• _Material provided_:
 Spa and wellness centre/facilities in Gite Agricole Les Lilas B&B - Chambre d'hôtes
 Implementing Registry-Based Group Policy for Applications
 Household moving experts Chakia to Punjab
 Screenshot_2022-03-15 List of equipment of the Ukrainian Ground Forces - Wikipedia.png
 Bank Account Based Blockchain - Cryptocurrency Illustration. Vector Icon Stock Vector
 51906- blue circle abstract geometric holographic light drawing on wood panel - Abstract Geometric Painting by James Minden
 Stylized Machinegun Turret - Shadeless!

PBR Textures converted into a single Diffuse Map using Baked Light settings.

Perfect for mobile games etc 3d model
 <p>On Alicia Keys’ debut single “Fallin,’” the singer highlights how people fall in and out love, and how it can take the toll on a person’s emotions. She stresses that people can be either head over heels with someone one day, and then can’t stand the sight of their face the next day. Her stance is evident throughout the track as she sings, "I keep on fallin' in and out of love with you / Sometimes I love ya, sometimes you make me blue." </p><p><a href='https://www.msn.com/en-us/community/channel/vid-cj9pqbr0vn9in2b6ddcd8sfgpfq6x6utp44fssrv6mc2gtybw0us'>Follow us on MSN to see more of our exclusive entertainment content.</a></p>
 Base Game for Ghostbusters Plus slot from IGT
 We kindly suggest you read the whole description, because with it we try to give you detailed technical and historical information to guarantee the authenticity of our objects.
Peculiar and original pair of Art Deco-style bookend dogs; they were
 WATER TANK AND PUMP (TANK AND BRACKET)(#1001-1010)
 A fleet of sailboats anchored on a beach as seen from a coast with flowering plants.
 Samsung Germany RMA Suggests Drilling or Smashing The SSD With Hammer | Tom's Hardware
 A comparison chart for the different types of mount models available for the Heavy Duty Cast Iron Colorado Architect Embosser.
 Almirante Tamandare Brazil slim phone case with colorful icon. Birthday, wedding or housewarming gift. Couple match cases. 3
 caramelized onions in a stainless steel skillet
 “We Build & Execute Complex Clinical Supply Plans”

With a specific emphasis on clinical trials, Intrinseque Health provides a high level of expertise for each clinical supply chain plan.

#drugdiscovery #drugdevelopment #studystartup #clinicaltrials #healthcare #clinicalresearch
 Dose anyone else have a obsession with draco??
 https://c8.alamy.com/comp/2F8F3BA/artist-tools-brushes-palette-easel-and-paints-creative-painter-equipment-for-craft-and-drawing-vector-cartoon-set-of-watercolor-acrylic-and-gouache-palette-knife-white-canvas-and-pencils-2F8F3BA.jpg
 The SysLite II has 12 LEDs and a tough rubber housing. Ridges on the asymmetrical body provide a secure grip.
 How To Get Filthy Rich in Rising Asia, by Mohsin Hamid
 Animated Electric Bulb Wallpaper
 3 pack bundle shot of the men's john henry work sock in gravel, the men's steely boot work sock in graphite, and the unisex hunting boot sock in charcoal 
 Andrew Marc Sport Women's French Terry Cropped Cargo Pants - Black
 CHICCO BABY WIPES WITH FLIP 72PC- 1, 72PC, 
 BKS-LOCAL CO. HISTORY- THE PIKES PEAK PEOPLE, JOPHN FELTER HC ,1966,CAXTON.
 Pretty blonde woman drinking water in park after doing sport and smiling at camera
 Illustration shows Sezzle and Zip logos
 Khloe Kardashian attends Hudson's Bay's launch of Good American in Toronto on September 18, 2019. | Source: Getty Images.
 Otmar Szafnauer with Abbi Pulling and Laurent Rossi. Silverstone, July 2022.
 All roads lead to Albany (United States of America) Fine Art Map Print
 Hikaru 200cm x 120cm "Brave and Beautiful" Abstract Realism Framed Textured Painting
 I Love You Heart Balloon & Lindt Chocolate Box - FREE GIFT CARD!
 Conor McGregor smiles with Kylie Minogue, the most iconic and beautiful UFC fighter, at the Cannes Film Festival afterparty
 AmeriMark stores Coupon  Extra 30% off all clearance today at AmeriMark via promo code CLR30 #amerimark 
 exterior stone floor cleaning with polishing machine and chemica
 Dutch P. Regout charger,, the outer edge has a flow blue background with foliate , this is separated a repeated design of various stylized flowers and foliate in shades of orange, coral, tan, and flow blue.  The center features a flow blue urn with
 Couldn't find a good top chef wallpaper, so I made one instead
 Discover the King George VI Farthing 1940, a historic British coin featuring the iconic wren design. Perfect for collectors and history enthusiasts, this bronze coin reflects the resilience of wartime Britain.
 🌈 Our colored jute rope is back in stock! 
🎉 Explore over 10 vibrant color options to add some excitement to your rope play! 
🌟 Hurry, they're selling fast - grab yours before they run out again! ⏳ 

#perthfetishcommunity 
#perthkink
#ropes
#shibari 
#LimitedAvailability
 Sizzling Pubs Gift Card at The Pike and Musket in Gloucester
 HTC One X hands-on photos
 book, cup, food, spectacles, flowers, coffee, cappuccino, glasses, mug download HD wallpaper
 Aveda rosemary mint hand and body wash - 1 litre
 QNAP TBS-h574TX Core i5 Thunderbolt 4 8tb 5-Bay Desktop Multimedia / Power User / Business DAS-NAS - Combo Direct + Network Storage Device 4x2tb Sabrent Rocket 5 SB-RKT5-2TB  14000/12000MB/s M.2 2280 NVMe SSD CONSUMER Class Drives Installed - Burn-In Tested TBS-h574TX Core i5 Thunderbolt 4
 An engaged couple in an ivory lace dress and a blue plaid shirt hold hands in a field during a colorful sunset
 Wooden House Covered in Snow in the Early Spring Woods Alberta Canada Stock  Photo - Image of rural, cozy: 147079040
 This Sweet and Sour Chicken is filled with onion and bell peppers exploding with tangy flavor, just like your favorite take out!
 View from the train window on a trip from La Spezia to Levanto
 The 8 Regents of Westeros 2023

• _Exercise instructions_:
All of the material above needs to be output exactly, with no line left out.

• _Result for this exercise_:
 Spa and wellness centre/facilities in Gite Agricole Les Lilas B&B - Chambre d'hôtes
 Implementing Registry-Based Group Policy for Applications
 Household moving experts Chakia to Punjab
 Screenshot_2022-03-15 List of equipment of the Ukrainian Ground Forces - Wikipedia.png
 Bank Account Based Blockchain - Cryptocurrency Illustration. Vector Icon Stock Vector
 51906- blue circle abstract geometric holographic light drawing on wood panel - Abstract Geometric Painting by James Minden
 Stylized Machinegun Turret - Shadeless!

PBR Textures converted into a single Diffuse Map using Baked Light settings.

Perfect for mobile games etc 3d model
 <p>On Alicia Keys’ debut single “Fallin,’” the singer highlights how people fall in and out love, and how it can take the toll on a person’s emotions. She stresses that people can be either head over heels with someone one day, and then can’t stand the sight of their face the next day. Her stance is evident throughout the track as she sings, "I keep on fallin' in and out of love with you / Sometimes I love ya, sometimes you make me blue." </p><p><a href='https://www.msn.com/en-us/community/channel/vid-cj9pqbr0vn9in2b6ddcd8sfgpfq6x6utp44fssrv6mc2gtybw0us'>Follow us on MSN to see more of our exclusive entertainment content.</a></p>
 Base Game for Ghostbusters Plus slot from IGT
 We kindly suggest you read the whole description, because with it we try to give you detailed technical and historical information to guarantee the authenticity of our objects.
Peculiar and original pair of Art Deco-style bookend dogs; they were
 WATER TANK AND PUMP (TANK AND BRACKET)(#1001-1010)
 A fleet of sailboats anchored on a beach as seen from a coast with flowering plants.
 Samsung Germany RMA Suggests Drilling or Smashing The SSD With Hammer | Tom's Hardware
 A comparison chart for the different types of mount models available for the Heavy Duty Cast Iron Colorado Architect Embosser.
 Almirante Tamandare Brazil slim phone case with colorful icon. Birthday, wedding or housewarming gift. Couple match cases. 3
 caramelized onions in a stainless steel skillet
 “We Build & Execute Complex Clinical Supply Plans”

With a specific emphasis on clinical trials, Intrinseque Health provides a high level of expertise for each clinical supply chain plan.

#drugdiscovery #drugdevelopment #studystartup #clinicaltrials #healthcare #clinicalresearch
 Dose anyone else have a obsession with draco??
 https://c8.alamy.com/comp/2F8F3BA/artist-tools-brushes-palette-easel-and-paints-creative-painter-equipment-for-craft-and-drawing-vector-cartoon-set-of-watercolor-acrylic-and-gouache-palette-knife-white-canvas-and-pencils-2F8F3BA.jpg
 The SysLite II has 12 LEDs and a tough rubber housing. Ridges on the asymmetrical body provide a secure grip.
 How To Get Filthy Rich in Rising Asia, by Mohsin Hamid
 Animated Electric Bulb Wallpaper
 3 pack bundle shot of the men's john henry work sock in gravel, the men's steely boot work sock in graphite, and the unisex hunting boot sock in charcoal 
 Andrew Marc Sport Women's French Terry Cropped Cargo Pants - Black
 CHICCO BABY WIPES WITH FLIP 72PC- 1, 72PC, 
 BKS-LOCAL CO. HISTORY- THE PIKES PEAK PEOPLE, JOPHN FELTER HC ,1966,CAXTON.
 Pretty blonde woman drinking water in park after doing sport and smiling at camera
 Illustration shows Sezzle and Zip logos
 Khloe Kardashian attends Hudson's Bay's launch of Good American in Toronto on September 18, 2019. | Source: Getty Images.
 Otmar Szafnauer with Abbi Pulling and Laurent Rossi. Silverstone, July 2022.
 All roads lead to Albany (United States of America) Fine Art Map Print
 Hikaru 200cm x 120cm "Brave and Beautiful" Abstract Realism Framed Textured Painting
 I Love You Heart Balloon & Lindt Chocolate Box - FREE GIFT CARD!
 Conor McGregor smiles with Kylie Minogue, the most iconic and beautiful UFC fighter, at the Cannes Film Festival afterparty
 AmeriMark stores Coupon  Extra 30% off all clearance today at AmeriMark via promo code CLR30 #amerimark 
 exterior stone floor cleaning with polishing machine and chemica
 Dutch P. Regout charger,, the outer edge has a flow blue background with foliate , this is separated a repeated design of various stylized flowers and foliate in shades of orange, coral, tan, and flow blue.  The center features a flow blue urn with
 Couldn't find a good top chef wallpaper, so I made one instead
 Discover the King George VI Farthing 1940, a historic British coin featuring the iconic wren design. Perfect for collectors and history enthusiasts, this bronze coin reflects the resilience of wartime Britain.
 🌈 Our colored jute rope is back in stock! 
🎉 Explore over 10 vibrant color options to add some excitement to your rope play! 
🌟 Hurry, they're selling fast - grab yours before they run out again! ⏳ 

#perthfetishcommunity 
#perthkink
#ropes
#shibari 
#LimitedAvailability
 Sizzling Pubs Gift Card at The Pike and Musket in Gloucester
 HTC One X hands-on photos
 book, cup, food, spectacles, flowers, coffee, cappuccino, glasses, mug download HD wallpaper
 Aveda rosemary mint hand and body wash - 1 litre
 QNAP TBS-h574TX Core i5 Thunderbolt 4 8tb 5-Bay Desktop Multimedia / Power User / Business DAS-NAS - Combo Direct + Network Storage Device 4x2tb Sabrent Rocket 5 SB-RKT5-2TB  14000/12000MB/s M.2 2280 NVMe SSD CONSUMER Class Drives Installed - Burn-In Tested TBS-h574TX Core i5 Thunderbolt 4
 An engaged couple in an ivory lace dress and a blue plaid shirt hold hands in a field during a colorful sunset
 Wooden House Covered in Snow in the Early Spring Woods Alberta Canada Stock  Photo - Image of rural, cozy: 147079040
 This Sweet and Sour Chicken is filled with onion and bell peppers exploding with tangy flavor, just like your favorite take out!
 View from the train window on a trip from La Spezia to Levanto
 The 8 Regents of Westeros 2023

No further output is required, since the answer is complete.